Another way of evaluating the fit of a given logistic regression model is via a **Classification Table**. The Real Statistics Logistic Regression data analysis tool produces this table. For Example 1 of Comparing Logistic Regression Models the table produced is displayed on the right side of Figure 1.

**Figure 1 – Classification Table**

The table shows a comparison of the number of successes (y = 1) predicted by the logistic regression model compared to the number actually observed and similarly the number of failures (y = 0) predicted by the logistic regression model compared to the number actually observed.

We have four possible outcomes:

**True Positives** (**TP**) = the number of cases which were correctly classified to be positive, i.e. were predicted to be a success and were actually observed to be a success

**False Positives** (**FP**) = the number of cases which were incorrectly classified as positive, i.e. were predicted to be a success but were actually observed to be a failure

**True Negatives** (**TN**) = the number of cases which were correctly classified to be negative, i.e. were predicted to be a failure and were actually observed to be a failure

**False Negatives** (**FN**) = the number of cases which were incorrectly classified as negative, i.e. were predicted to be a negative but were actually observed to be a success

The Classification Table takes the form

where PP = predicted positive = TP + FP, PN = predicted negative = FN + TN, OP = observed positive = TP + FN, ON = observed negative = FP + TN and Tot = the total sample size = TP + FP + FN + TN.

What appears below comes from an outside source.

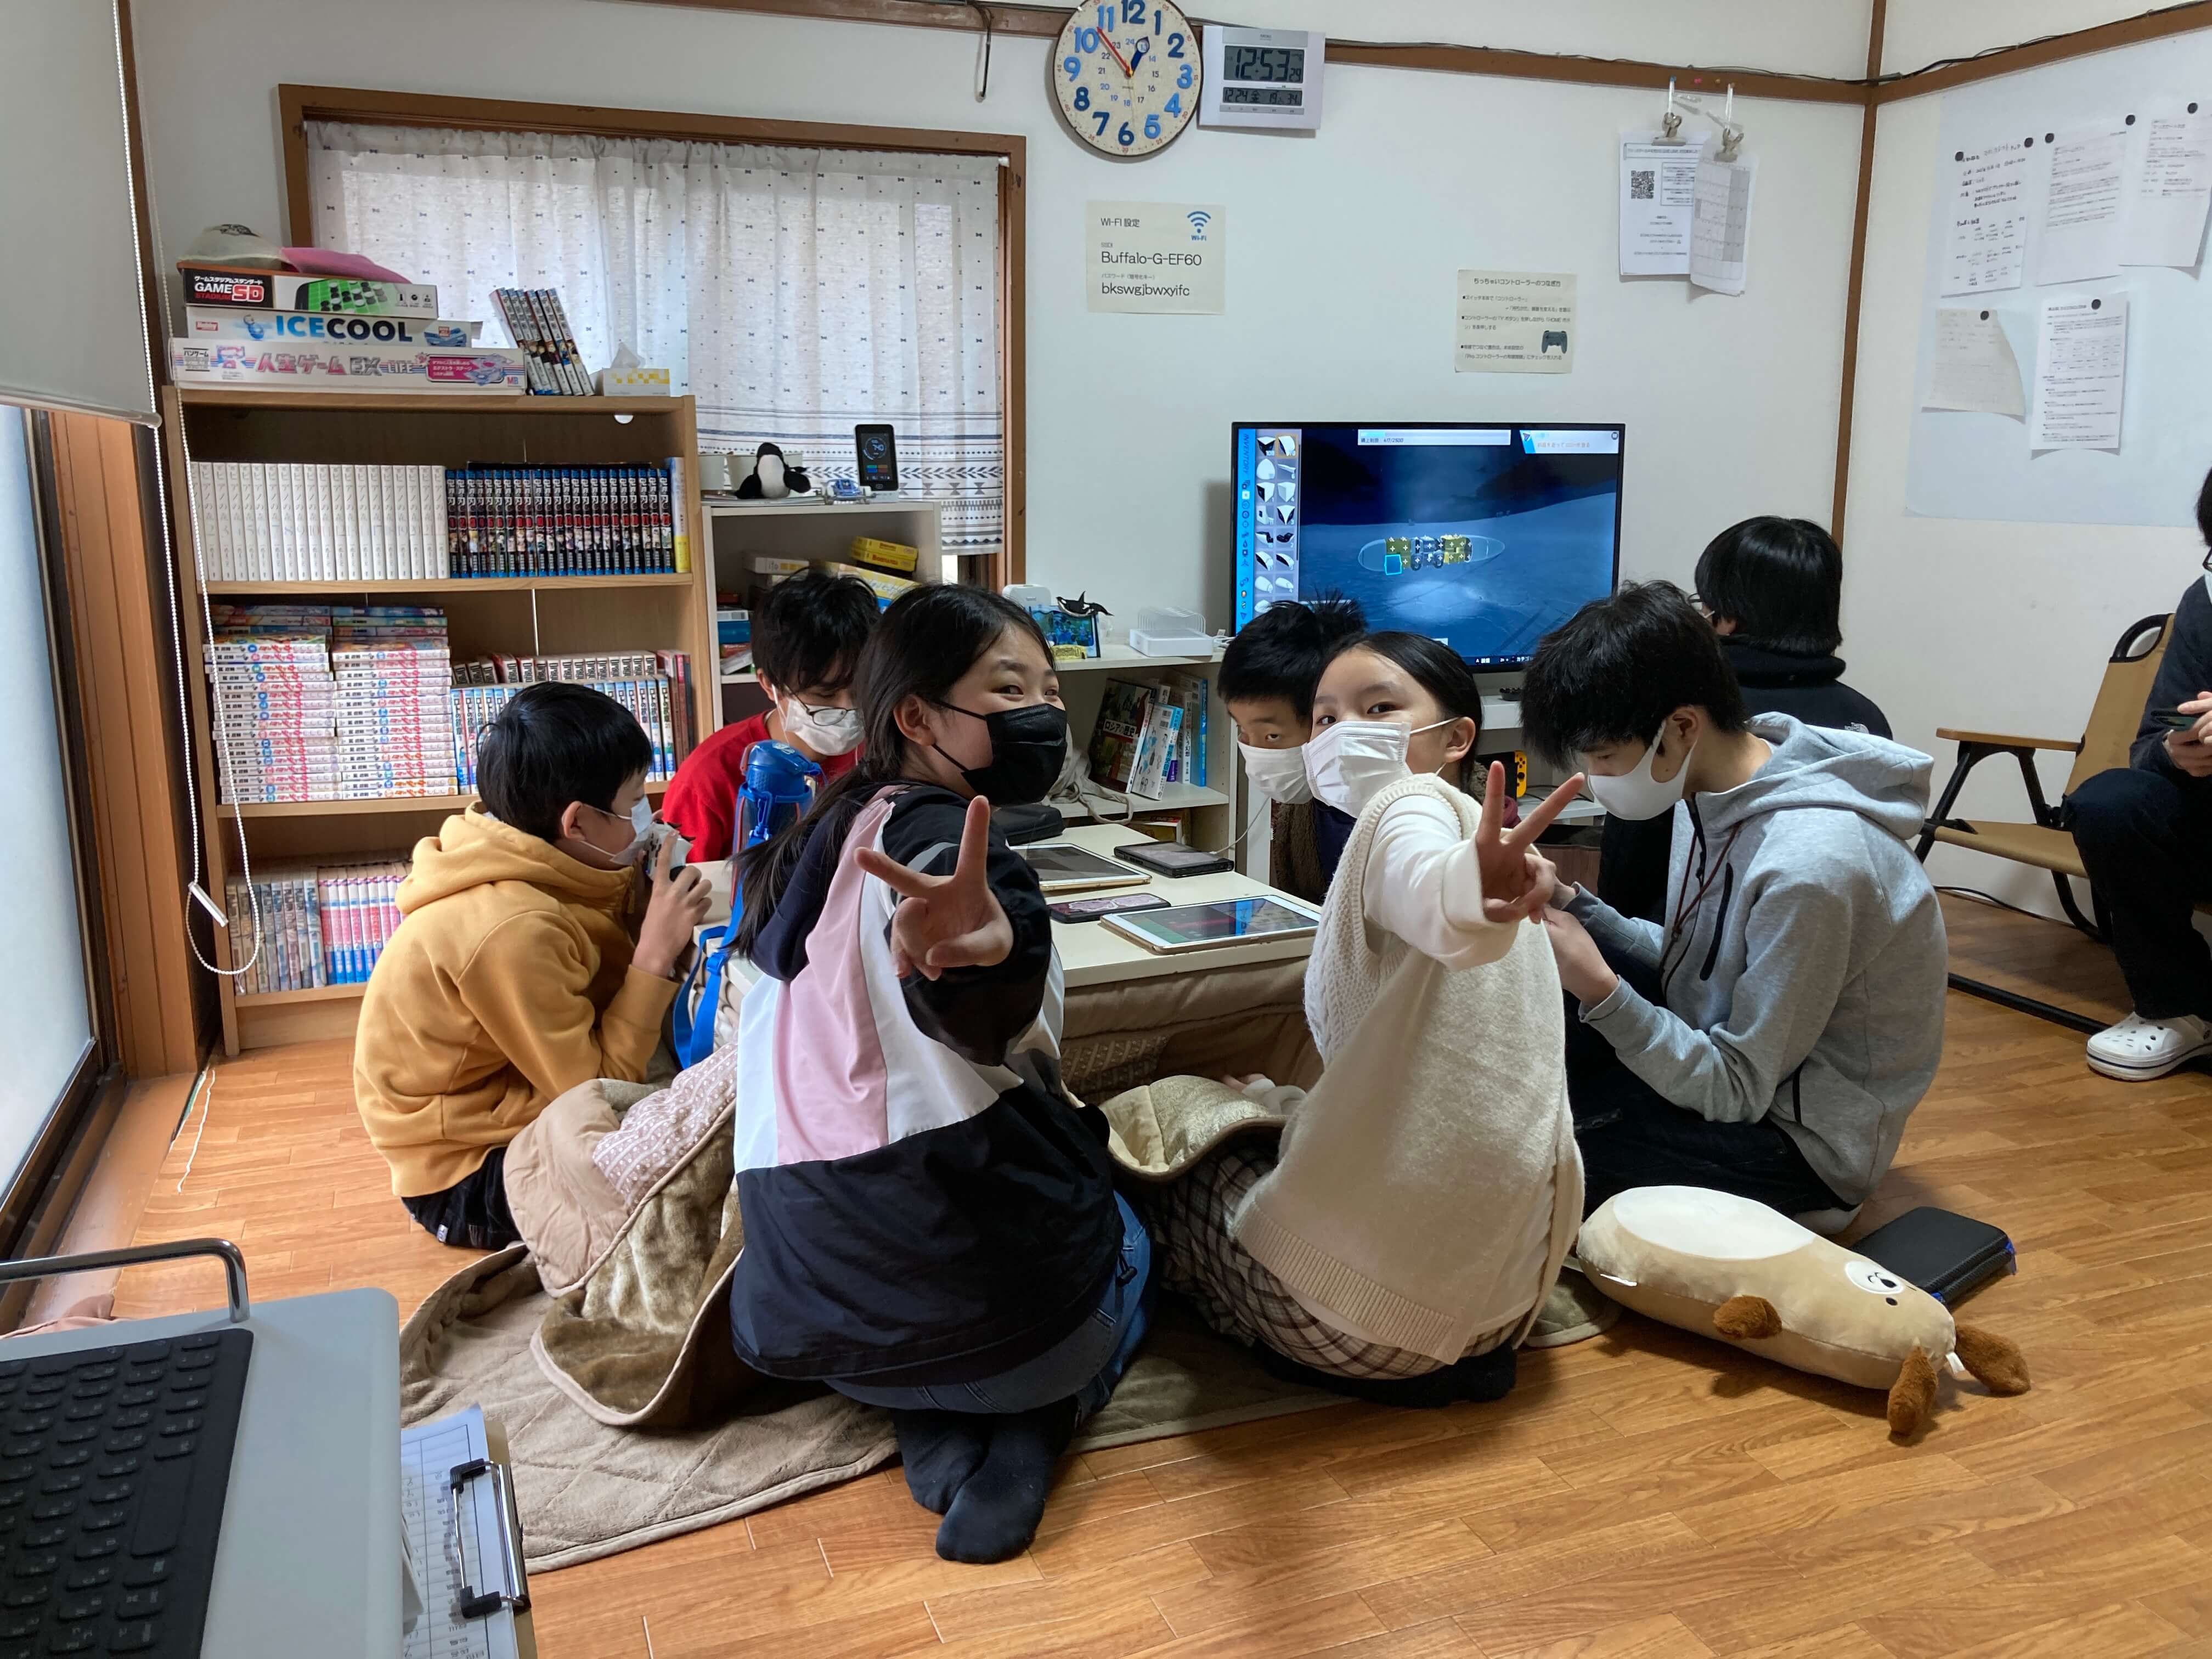 フリースクール ネモ Npo法人ネモネット フリースクール ネモ 不登校 ひきこもり 千葉県内のネットワーク

For the data in Figure 1, we have

**TP** = 483 (cell AE6), which can be calculated by the formula =SUMIF(L6:L17,”>=”&AE12,H6:H17)

**FP** = 201 (cell AF6), which can be calculated by the formula =SUMIF(L6:L17,”>=”&AE12,I6:I17)

**FN** = 39 (cell AE7), which can be calculated by the formula =H18-AE6

**TN** = 137 (cell AF7), which can be calculated by the formula =I18-AF6

Here cell AE12 contains the **cutoff** value of .5. Predicted values (in column L) greater than or equal to this value are classified as positive (i.e. predicted to be a success), those less than this value are classified as negative (i.e. predicted to be a failure). TP is simply the sum of all the value in column H whose predicted probabilities in column L are ≥ .5.

The cutoff value is specified in the Logistic Regression dialog box (see for example Figure 4 of Finding Logistic Regression Coefficients using Excel’s Solver).

Note that FP is the type I error and FN is the type II error described in Hypothesis Testing.

We now can define the following:

**True Positive Rate** (**TPR**), aka **Sensitivity **= TP/OP = 483/522 = .925287 (cell AE10)

**True Negative Rate **(**TNR**), aka **Specificity** = TN/ON = 137/338 = .405325 (cell AF10)

**Accuracy **(**ACC**) = (TP + TN)/Tot = (483 + 137) / 860 = .720930 (cell AG10)

**False Positive Rate** (**FPR**) = 1 – TNR = FP/ON = 201/338 = .594675

**Positive Predictive Value** (**PPV**) = TP/PP = 483/684 = .70614

**Negative Predictive Value** (**NPV**) = TN/PN = 137/176 = .77841

The overall accuracy of the logistic regression model is a measure of the fit of the model. For Example 1 this is .720930, which means that the model is estimated to give an accurate prediction 72% of the time.

Note that the accuracy of each outcome is given in column P of Figure 1. E.g. the accuracy of Temp = 21 and Water = 0 is 93.75% (cell P7), which can be calculated by the formula

=100*IF(L7>=$AE$12,H7/J7,I7/J7)

The total accuracy of the model (cell P18) can then be calculated by the formula

=SUMPRODUCT(P6:P17,J6:J17)/J18

The value of cell P18 is .720930, which is the same value we obtained in the classification table (cell AG10).